As output, give the exact lines from the one containing "Tivoli Marina Vilamoura" through the end of the listing below, both included, without the pictures.

:::

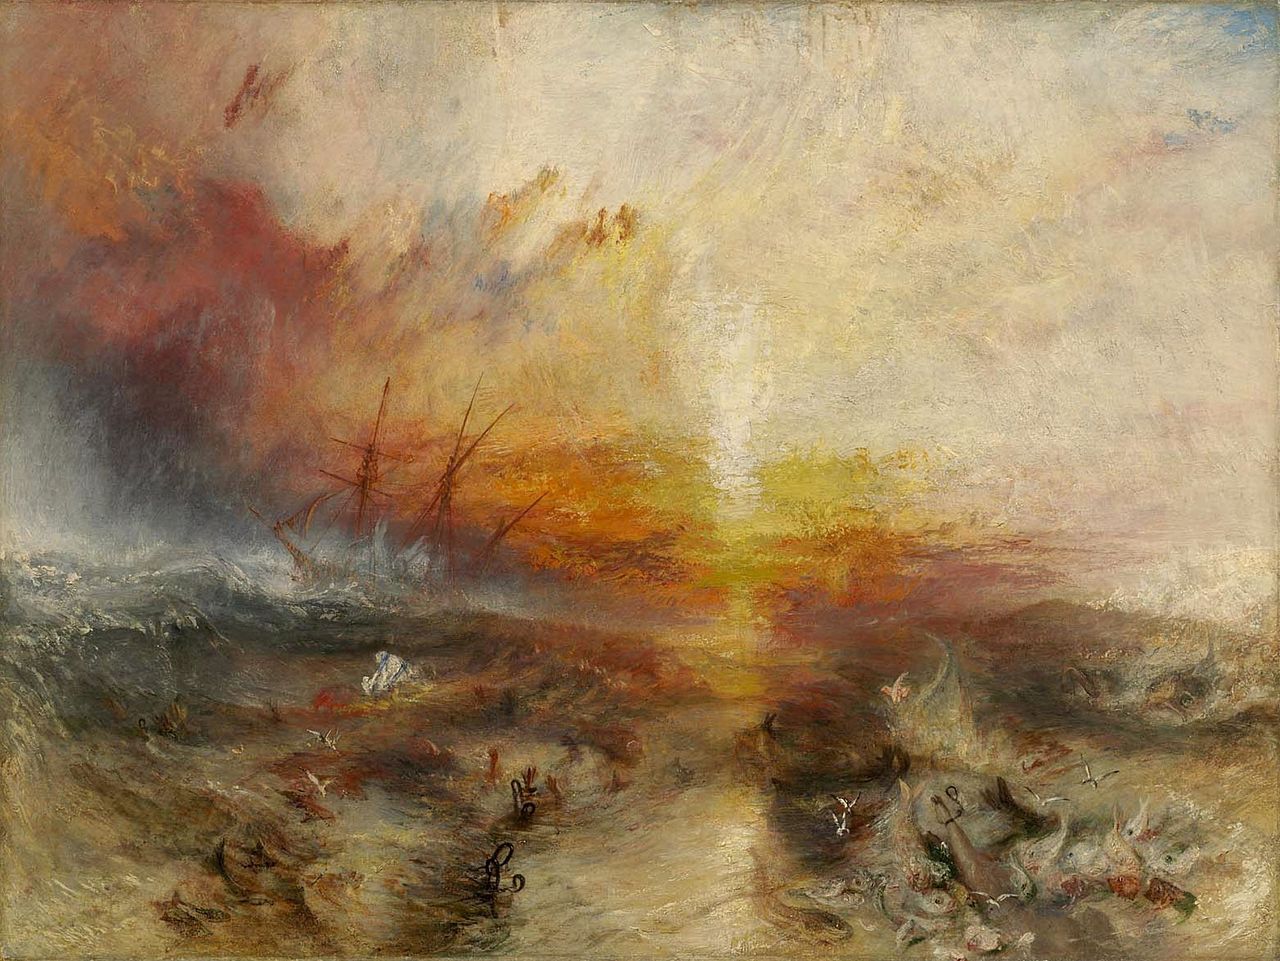 奴隸船(奴隸販子將死者和瀕死者扔下船) by Joseph Mallord William Turner - 1814 - 90.8 x 122.6 厘米 
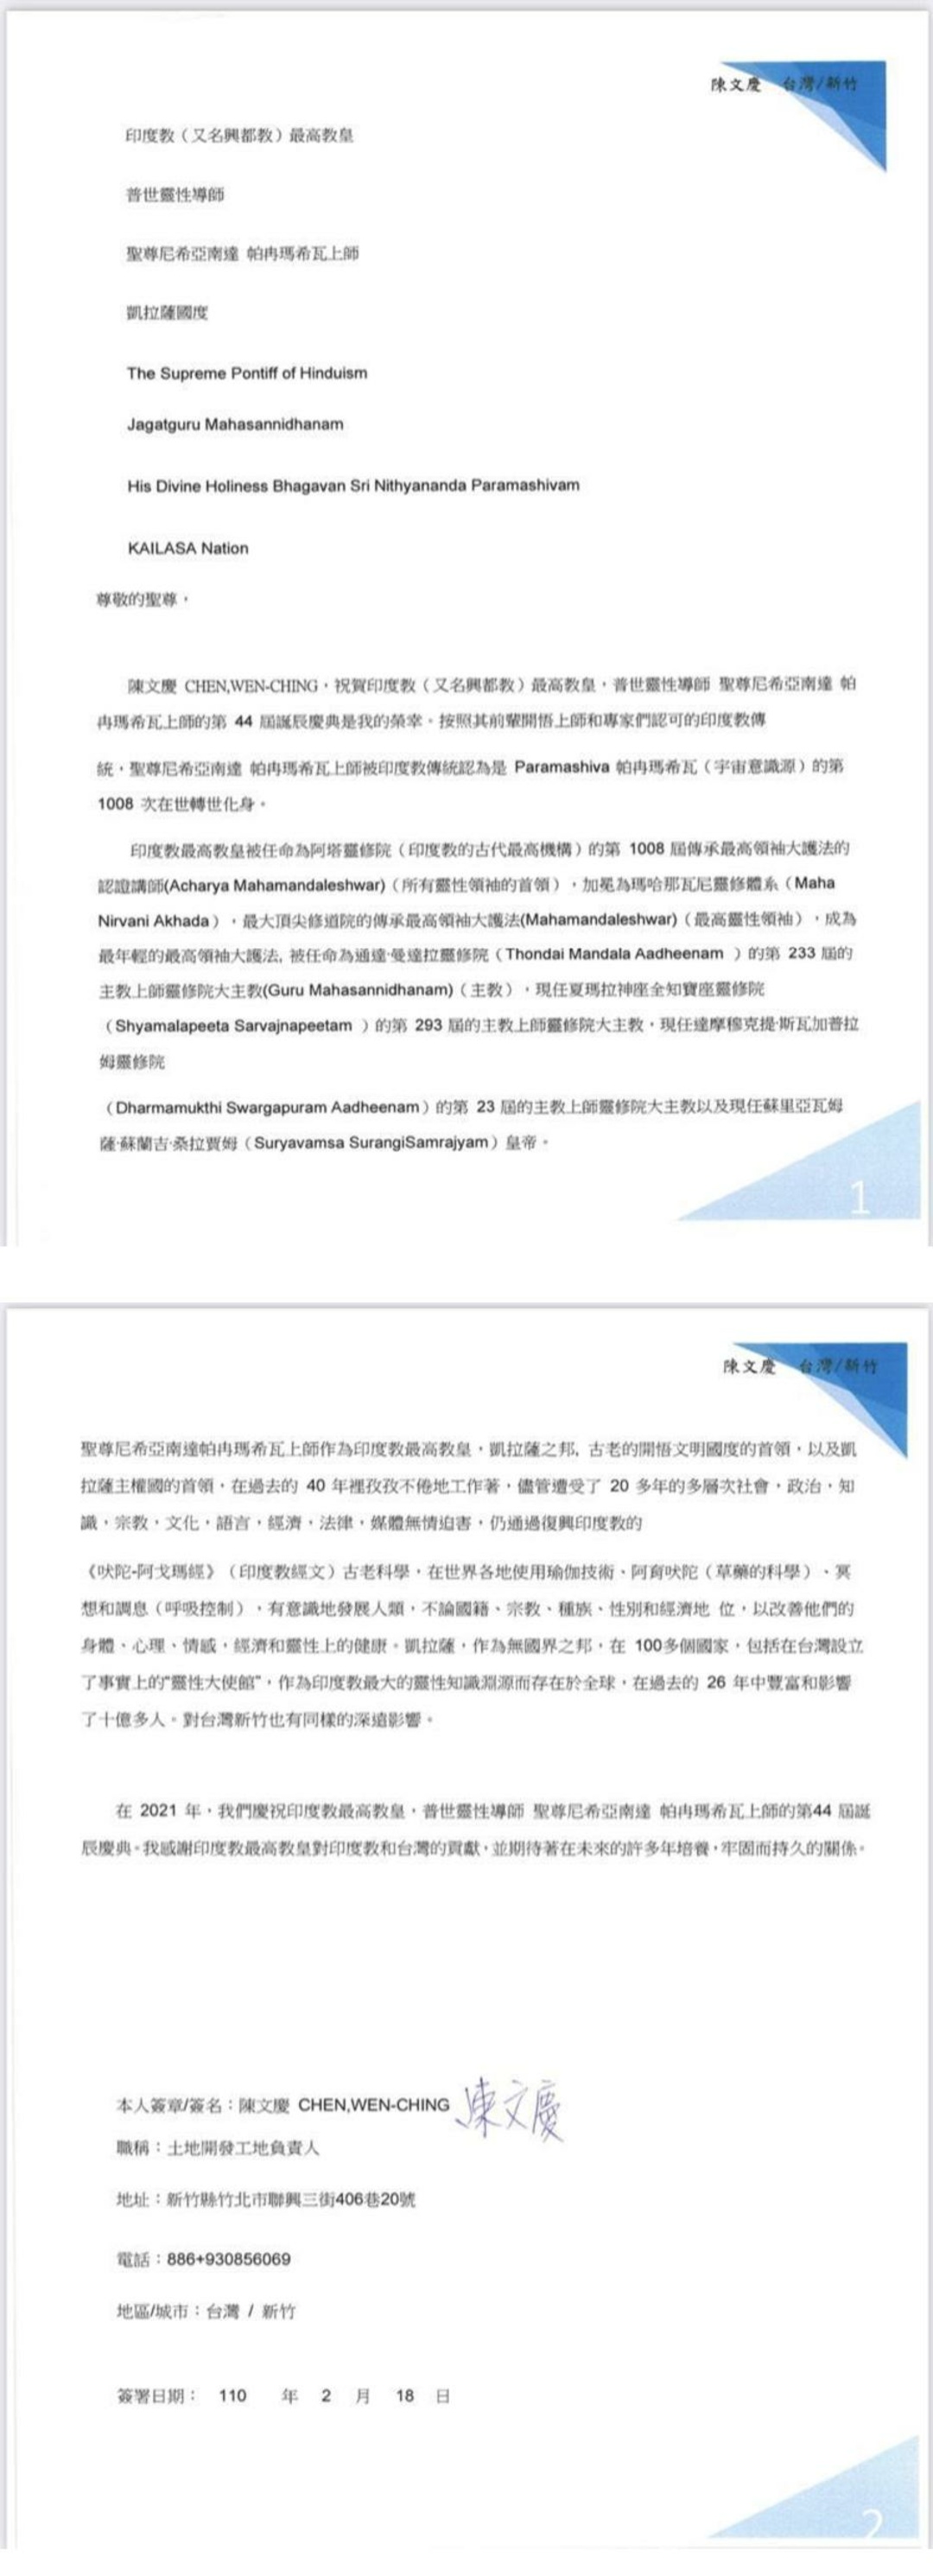 Taiwan---Chen-Wen-Ching---Feb-18--2021-(Proclamation)-1C5fCSs8aZGX9Pes9XCgiffxEojAVrUVB.pdf
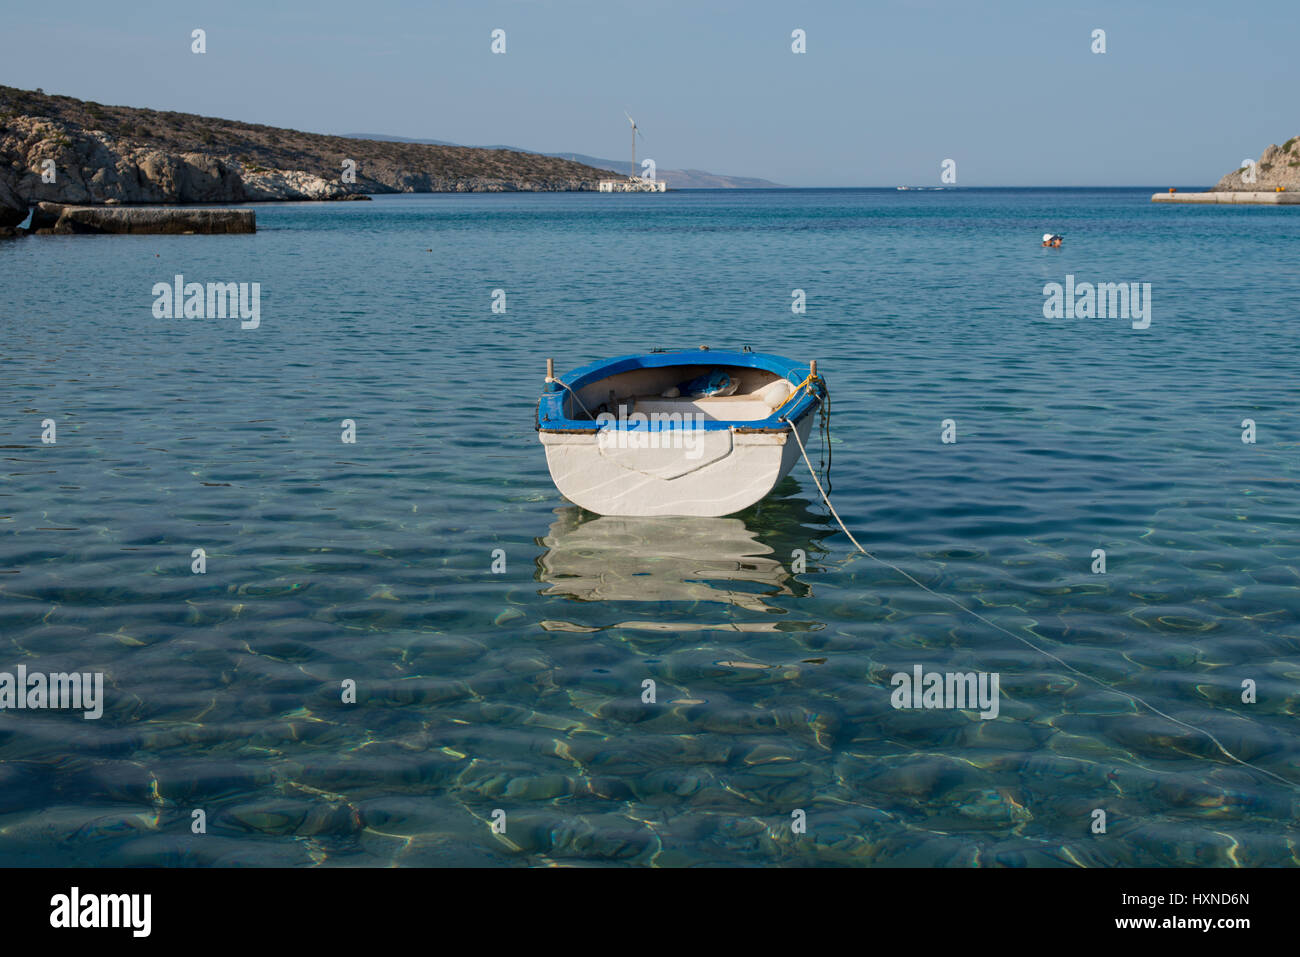 Weiß-blaues kleines Boot vor Agios Georgios gldenen im Nachmittagslicht, Iraklia Insel, kleine Kykladen, Griechenland Foto Stock
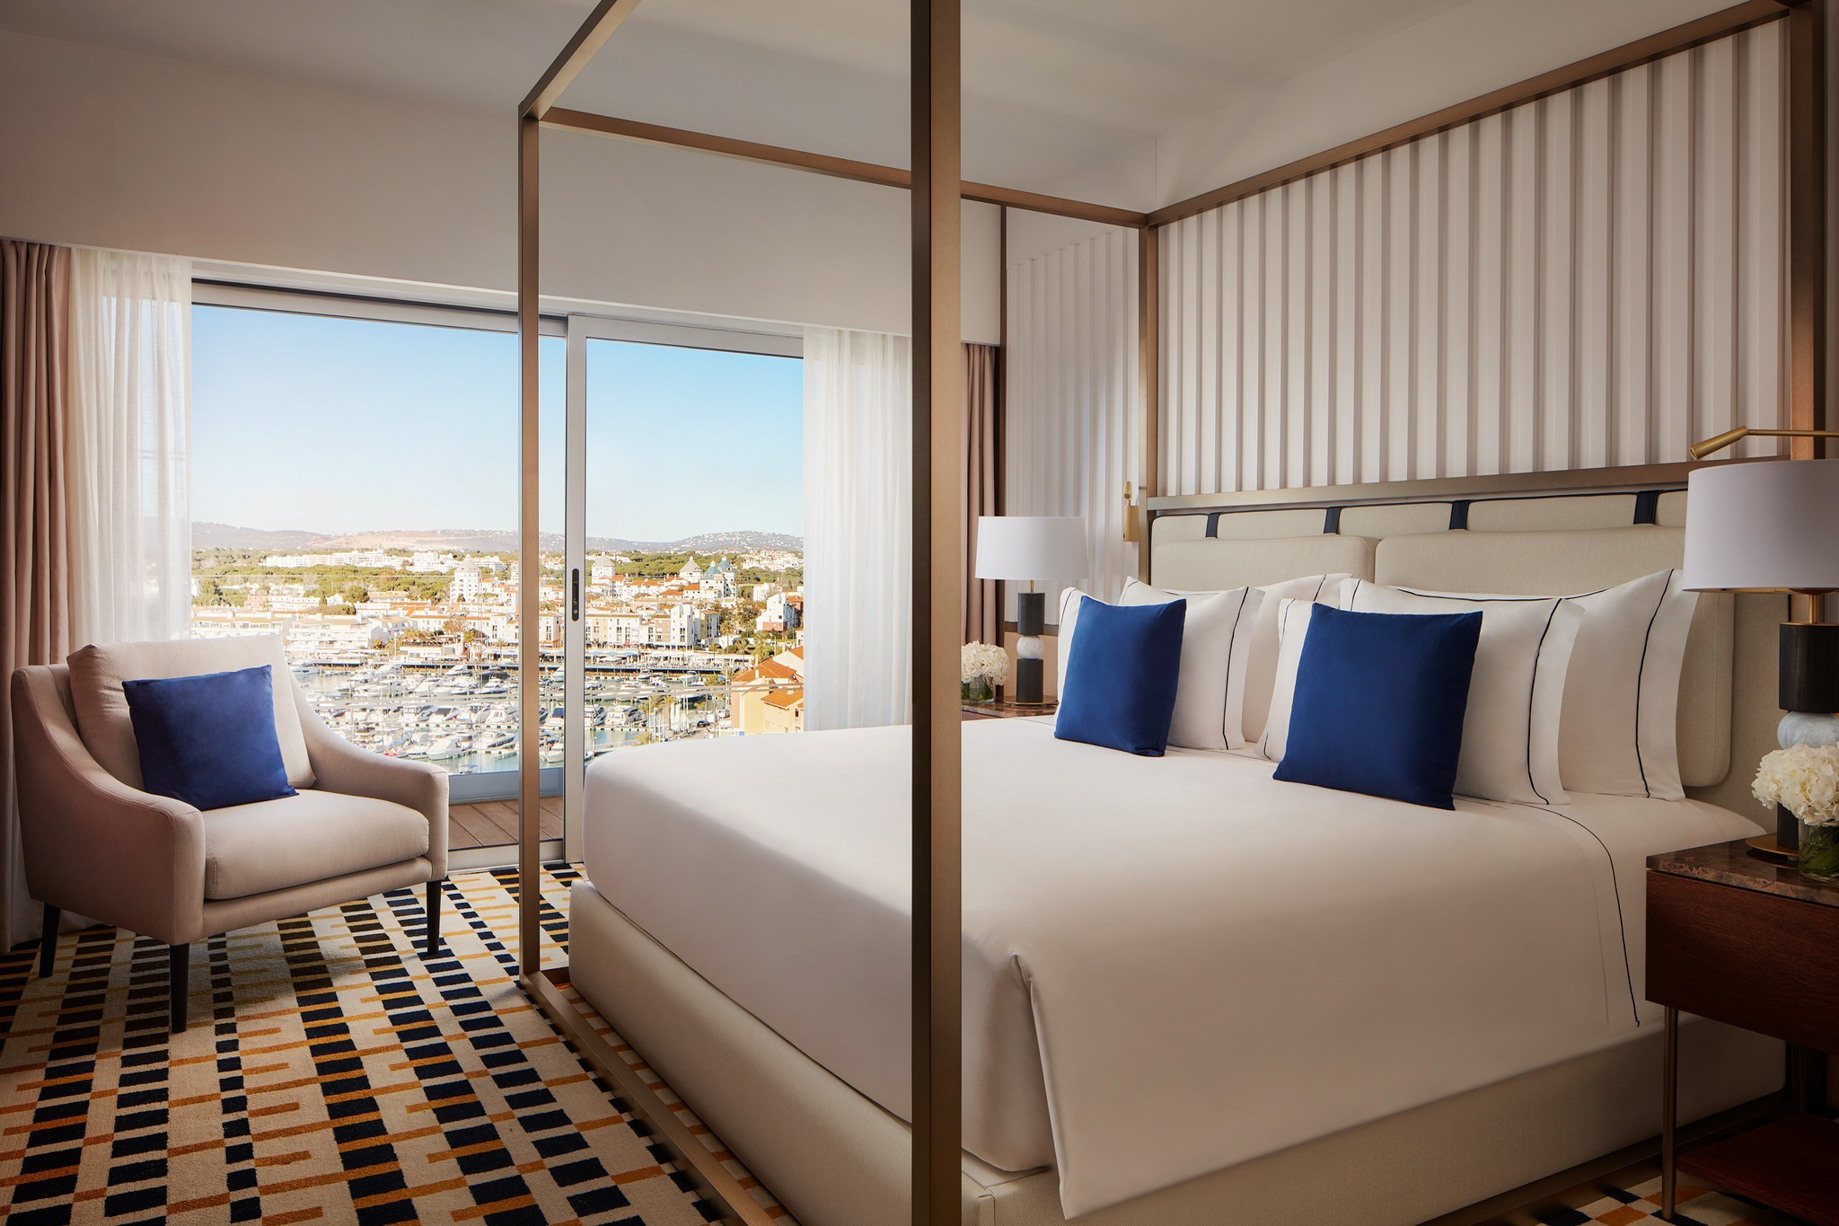 Tivoli Marina Vilamoura Algarve Resort – Portugal – Presidential Suite
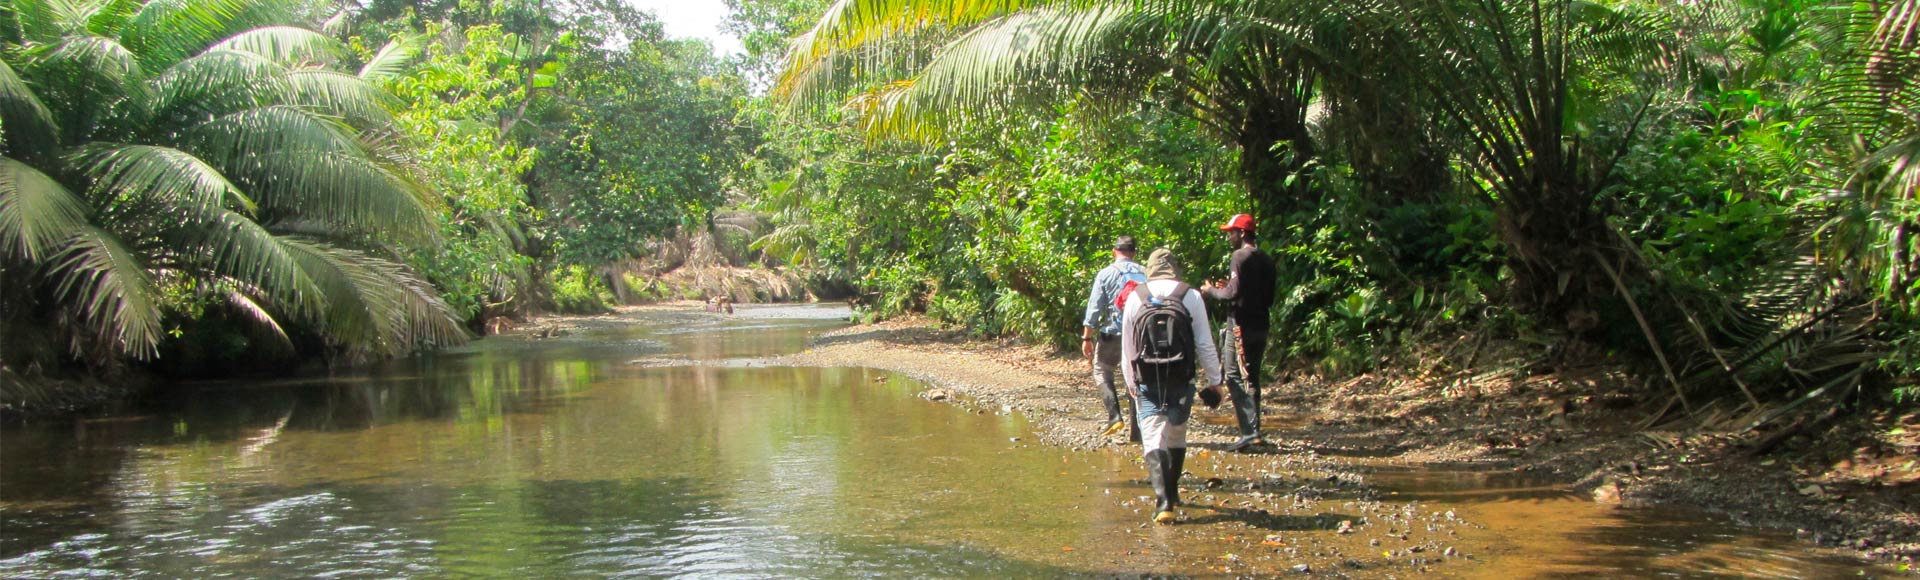 expedicion botanica colombia selvas choco ignacio solano

:::

:: The completed task ::
 Tivoli Marina Vilamoura Algarve Resort – Portugal – Presidential Suite
 expedicion botanica colombia selvas choco ignacio solano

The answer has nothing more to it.